Start of MATERIAL PROVIDED

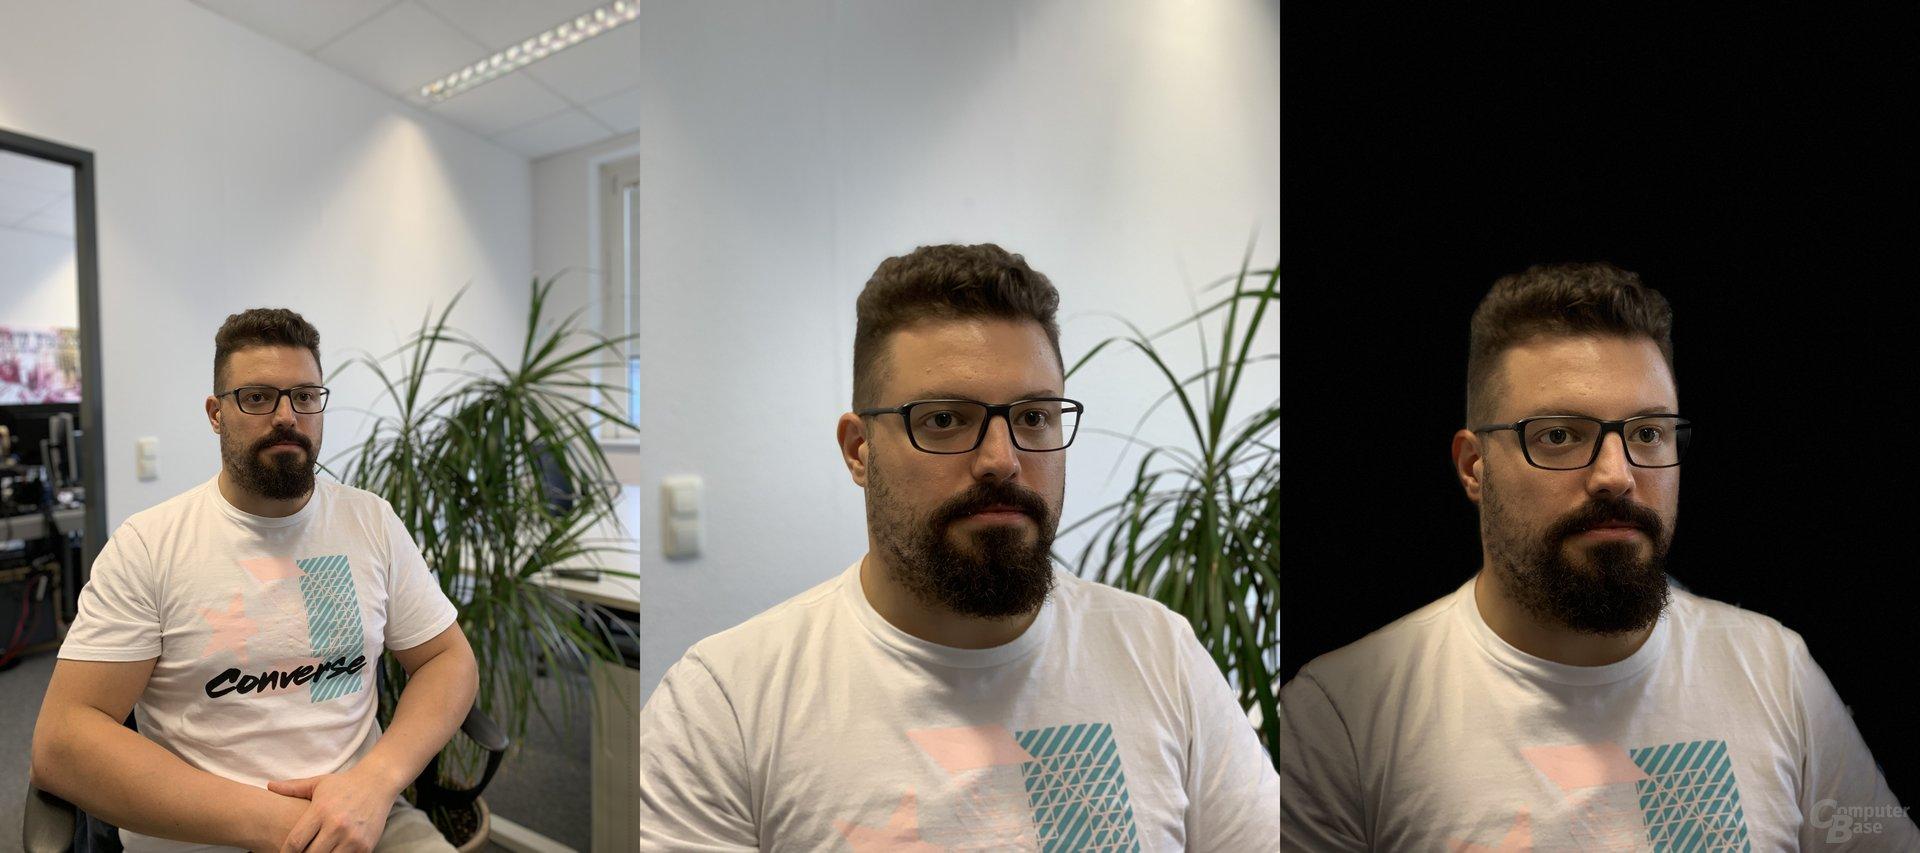 Porträtmdodus iPhone Xr (l.) und iPhone Xs (m.) sowie Bühnenlicht Mono (r.)
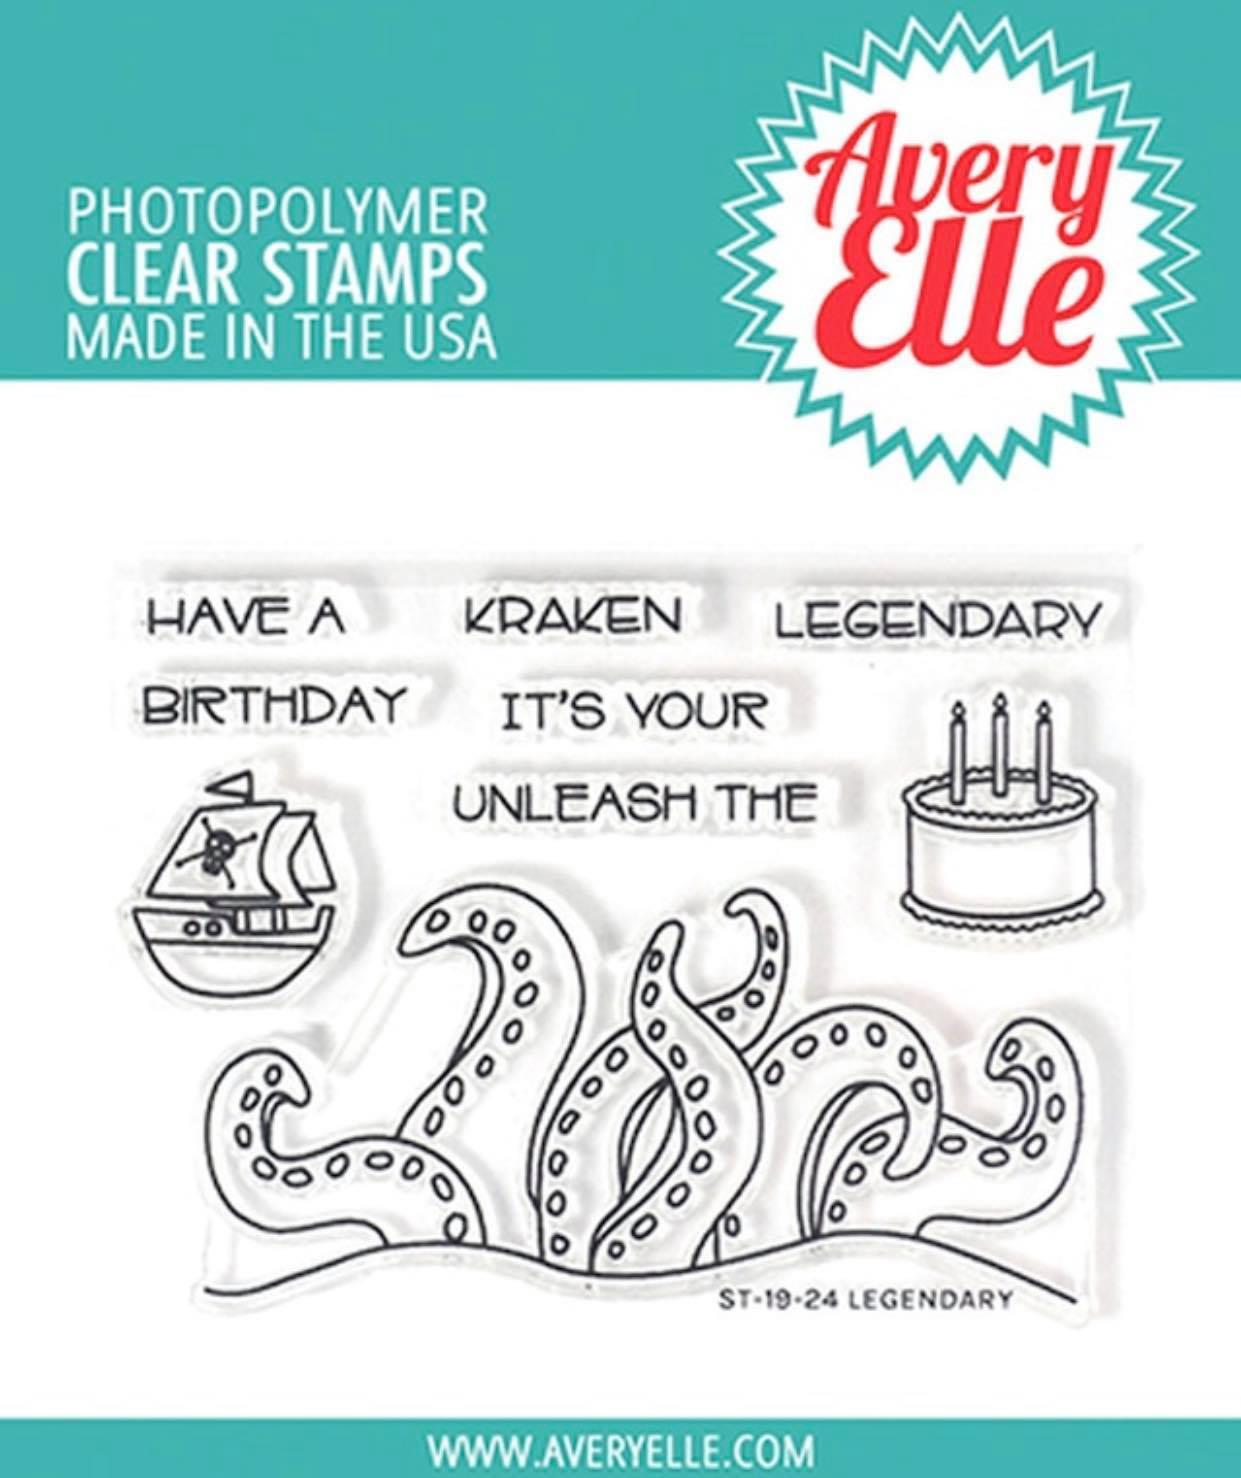 Avery Elle - Legendary Stamp Set
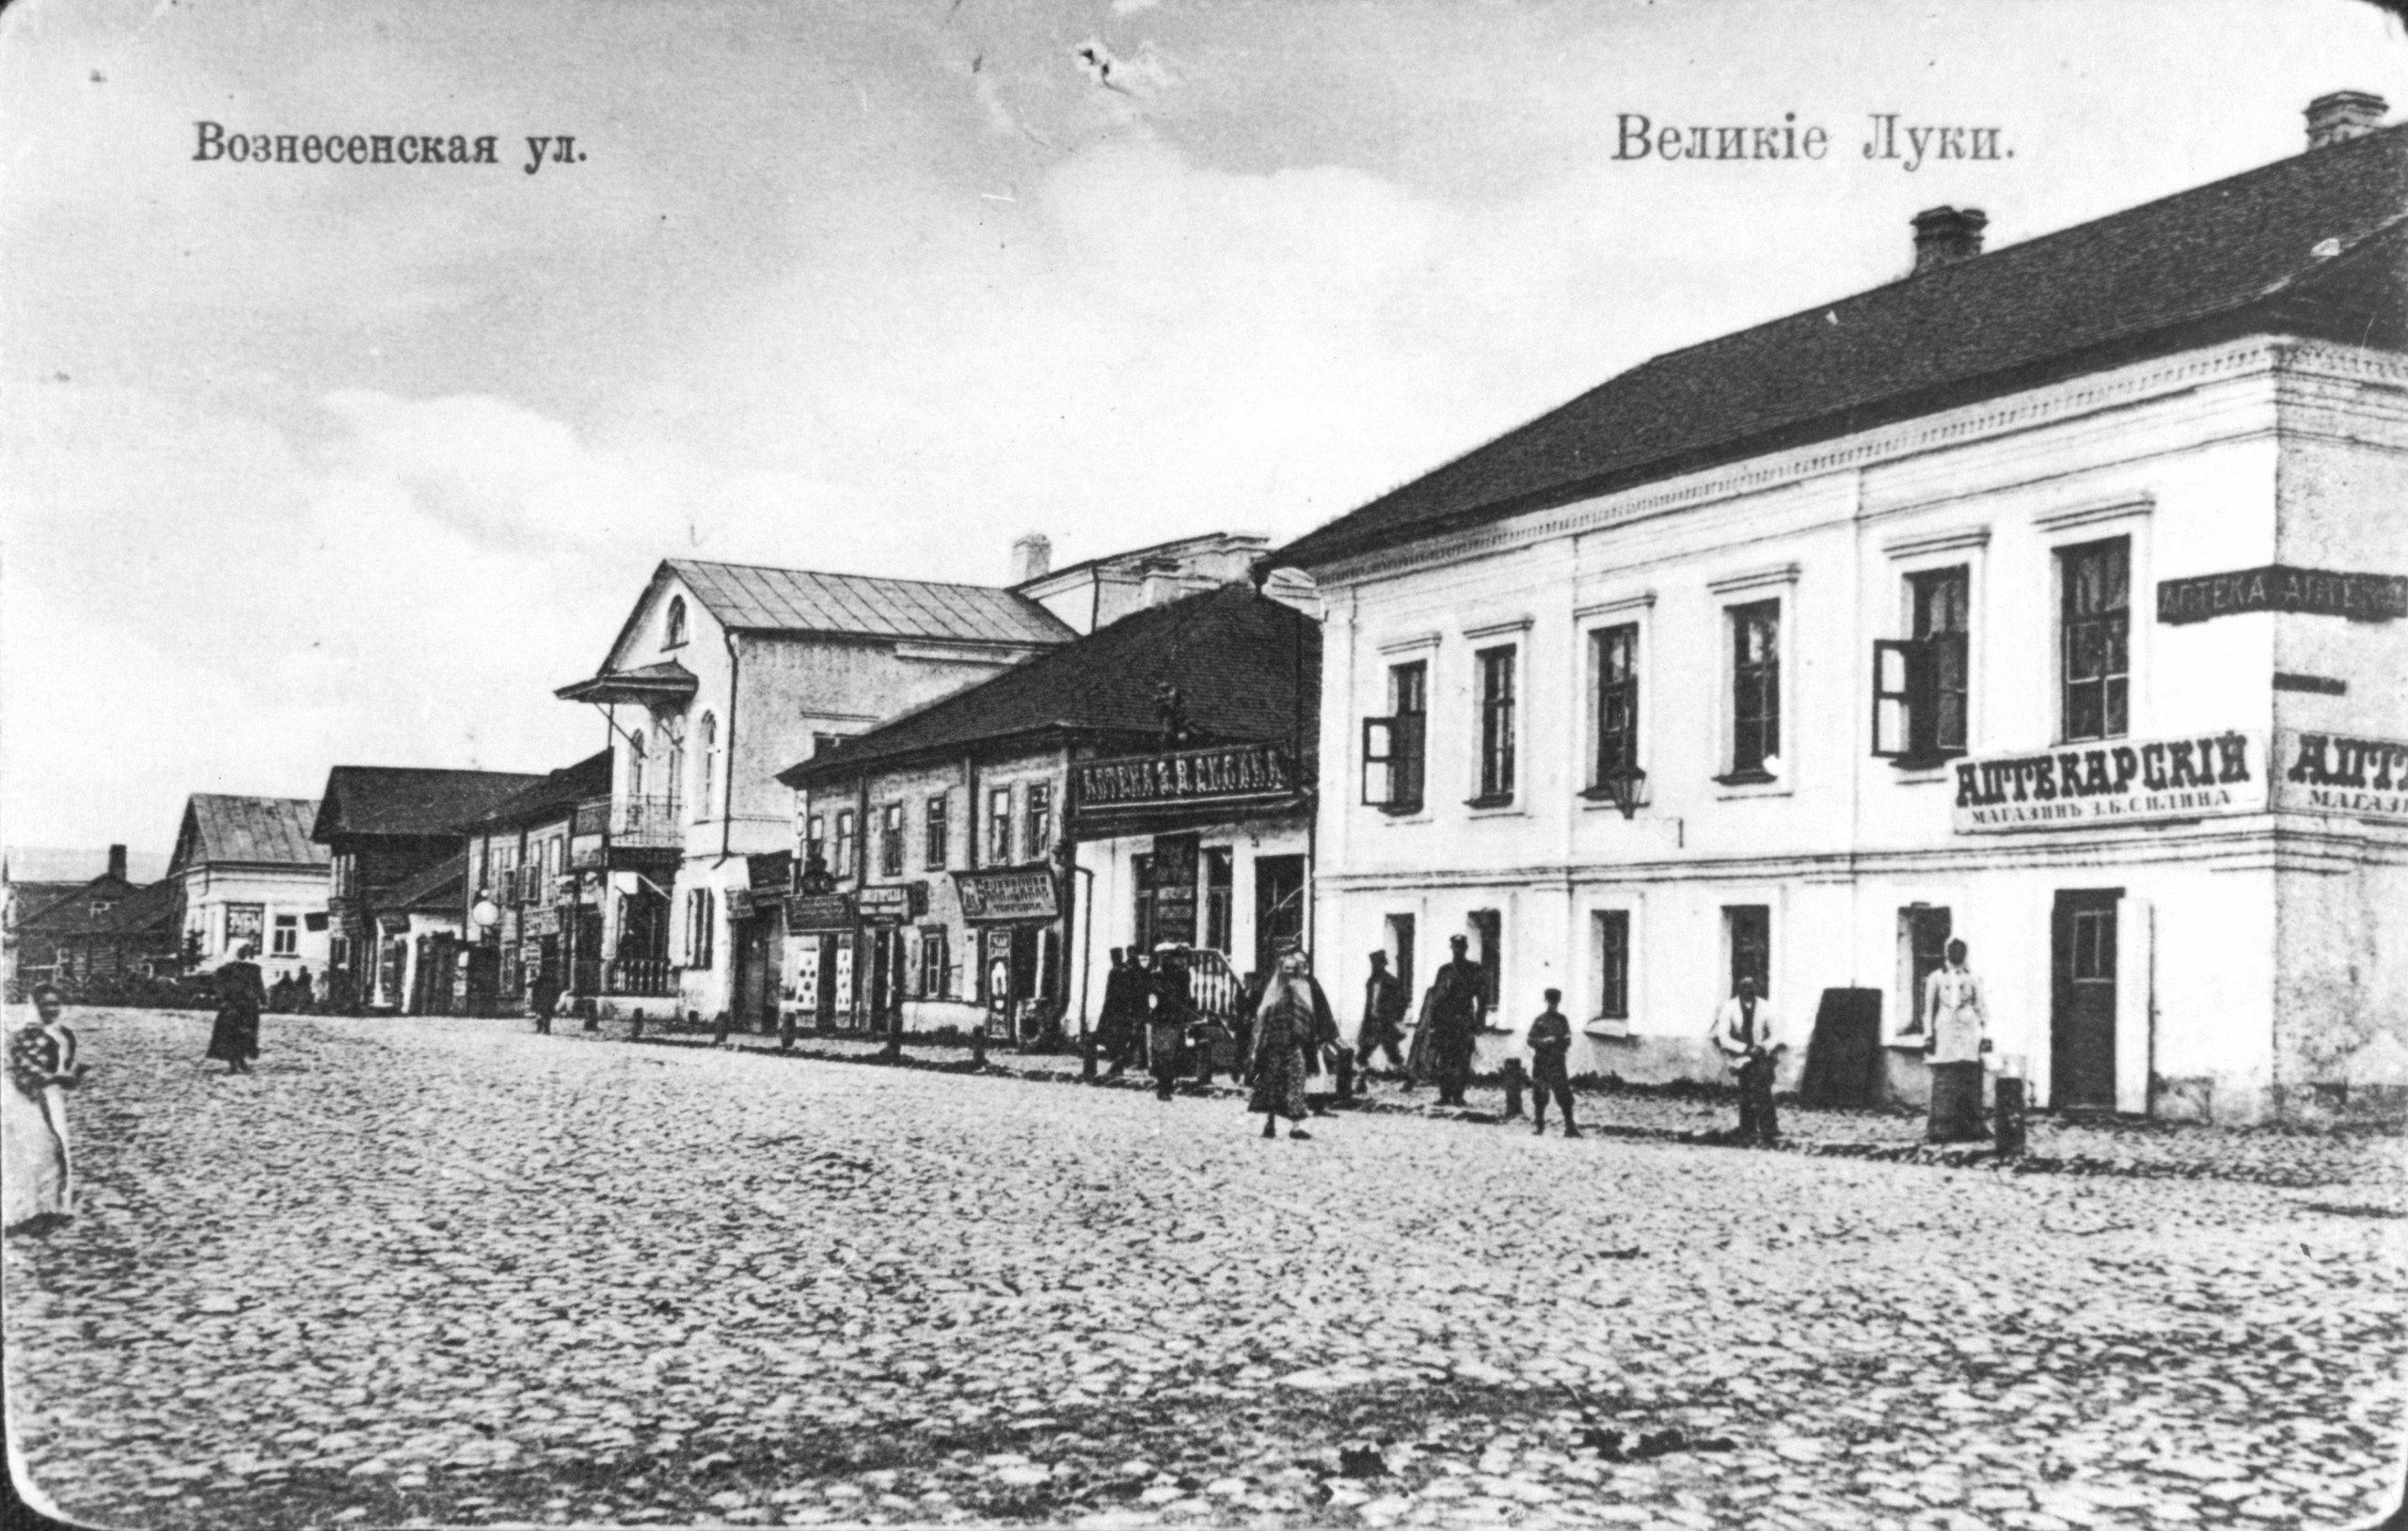 Вознесенская улица

End of MATERIAL PROVIDED

■ **EXERCISE DETAILS**:
A word-for-word copy of the listing is needed. It must not include the pictures.

■ **OUTPUT BELOW**:
 Porträtmdodus iPhone Xr (l.) und iPhone Xs (m.) sowie Bühnenlicht Mono (r.)
 Avery Elle - Legendary Stamp Set
 Вознесенская улица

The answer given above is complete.